Reeger sagt, seine Konzepte – er hat mit mehreren Wachschutzanbietern gesprochen – mittlerweile in die Schublade gelegt zu haben. Nicht bloß, weil die Resonanz der Geschäftsleute ausgeblieben ist, sondern auch, weil Vorfälle wie damals schon länger nicht mehr vorgekommen sind. Der Fahrradhändler erklärt sich das zum einen damit, dass auch andere Händler so wie er noch mehr in Sicherheitstechnik investiert haben, und zum anderen mit den Jugendlichen selbst: Reeger hat immer wieder Ausschau nach ihnen gehalten, sieht aber nur noch einen von ihnen gelegentlich in der Fußgängerzone.
Er geht davon aus, dass die Behörden gemacht haben, was sie manchmal bei jugendlichen Intensivtätern machen: Sie von ihren Eltern trennen, um ihnen ein neues Umfeld zu geben, nicht selten in einem anderen Bundesland, wo speziell geschultes Personal sich um sie kümmert.

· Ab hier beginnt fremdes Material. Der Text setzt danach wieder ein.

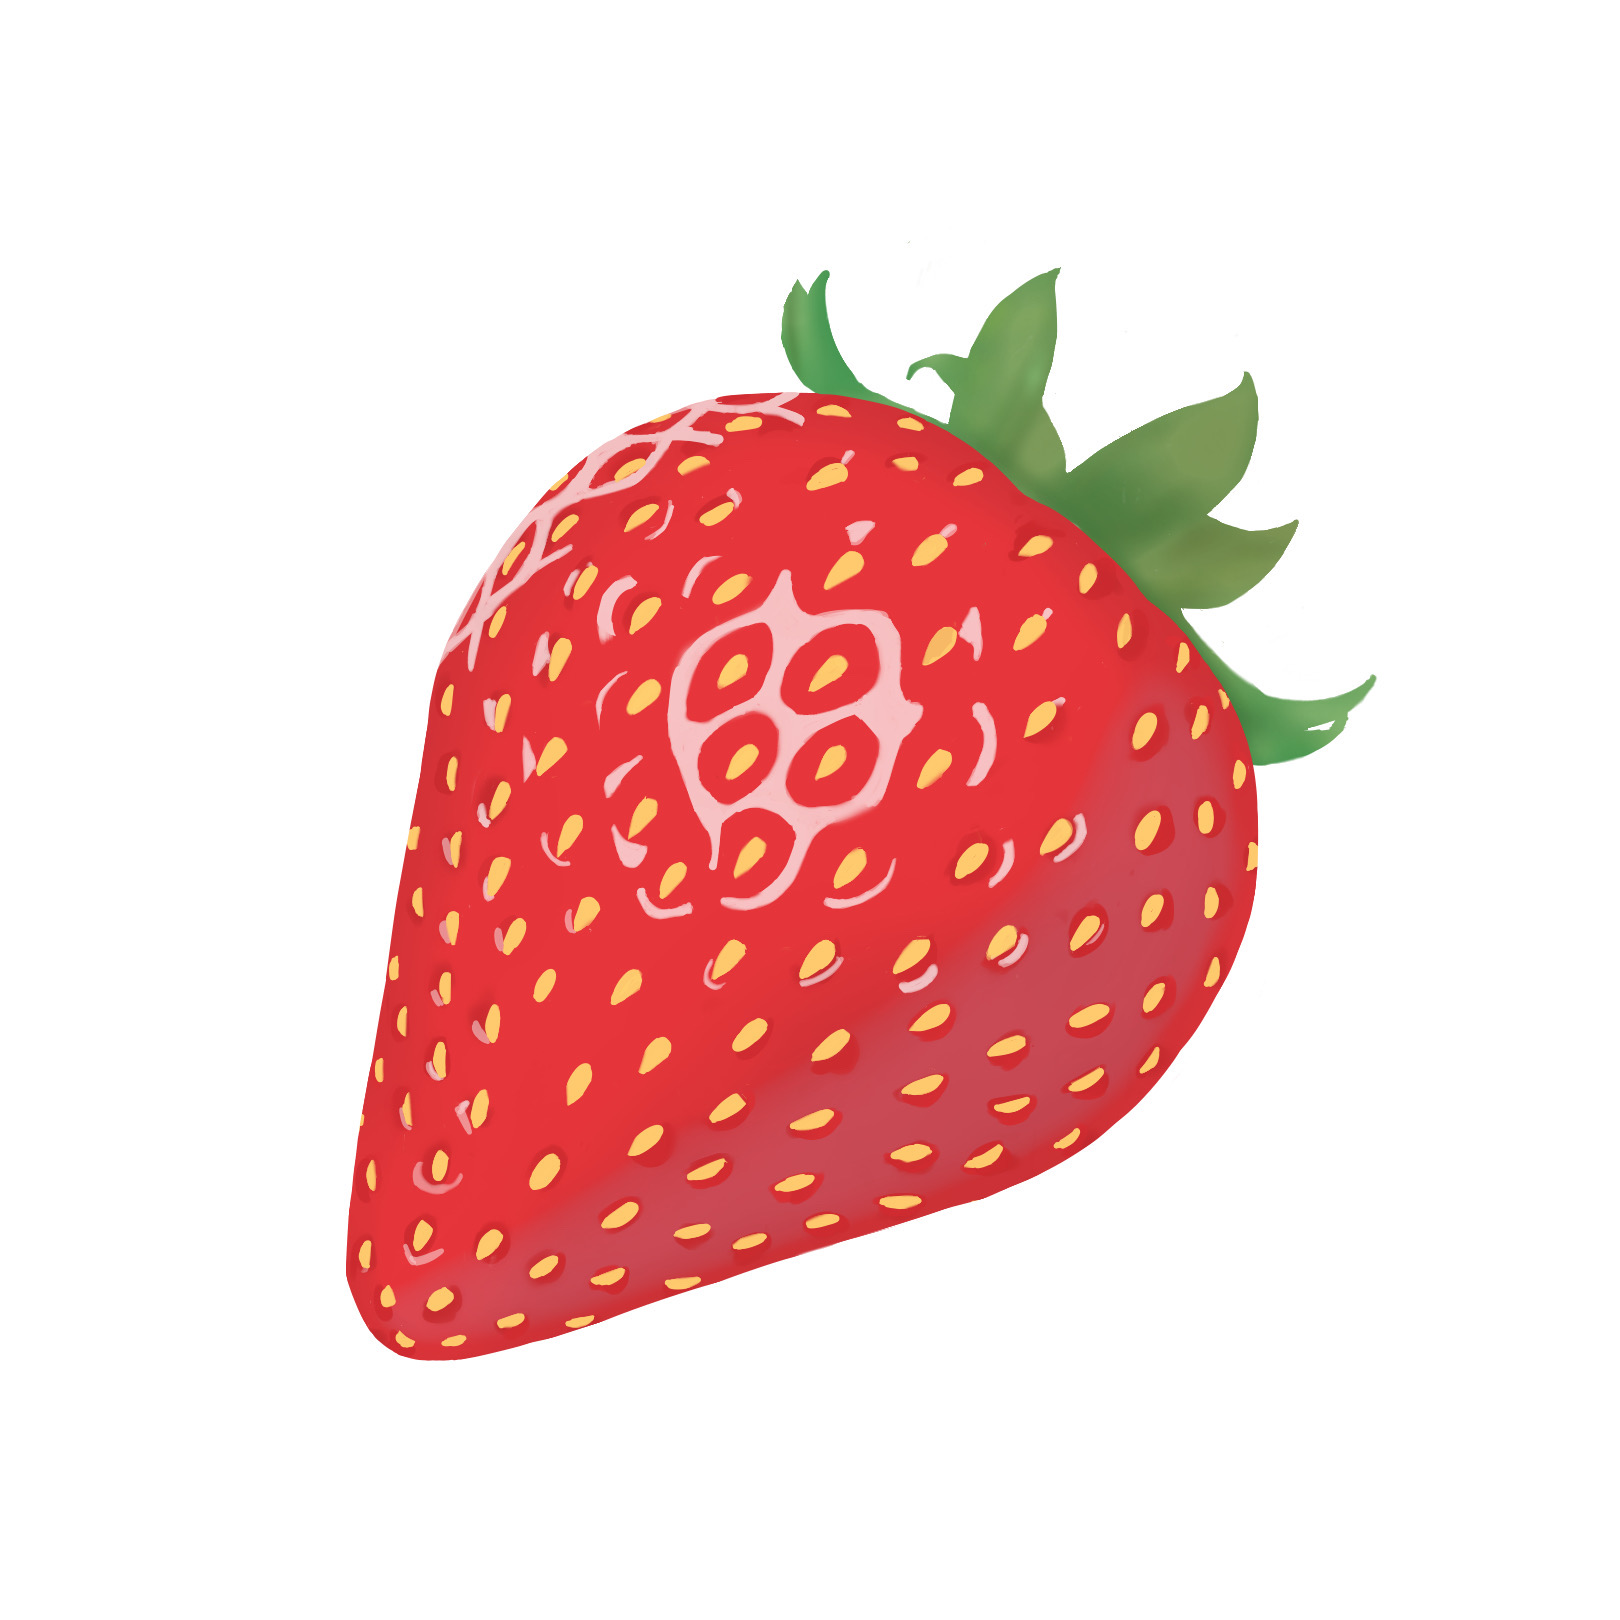 Cómo dibujar una fresa o frutilla

Fremdplatzierung nennen die Einsatzkräfte das. Franke Haedke sagt es etwas anders. Nach Angaben der Polizeisprecherin sind die Jugendlichen und ihre Familie in Zusammenarbeit mit Justiz und Soziales auf mehrere Gebiete verteilt worden – und seither keine Gullydeckel mehr in Schaufenster geworfen worden.
Als Reaktion auf die schweren Diebstähle bei Händlern setzte die Polizei ein spezielles Ermittlerteam ein. Nach Haedkes Statistik gehen die Fallzahlen inzwischen zurück. Ein Schwerpunkt sind Einbruchsdiebstähle ihr zufolge aber weiterhin.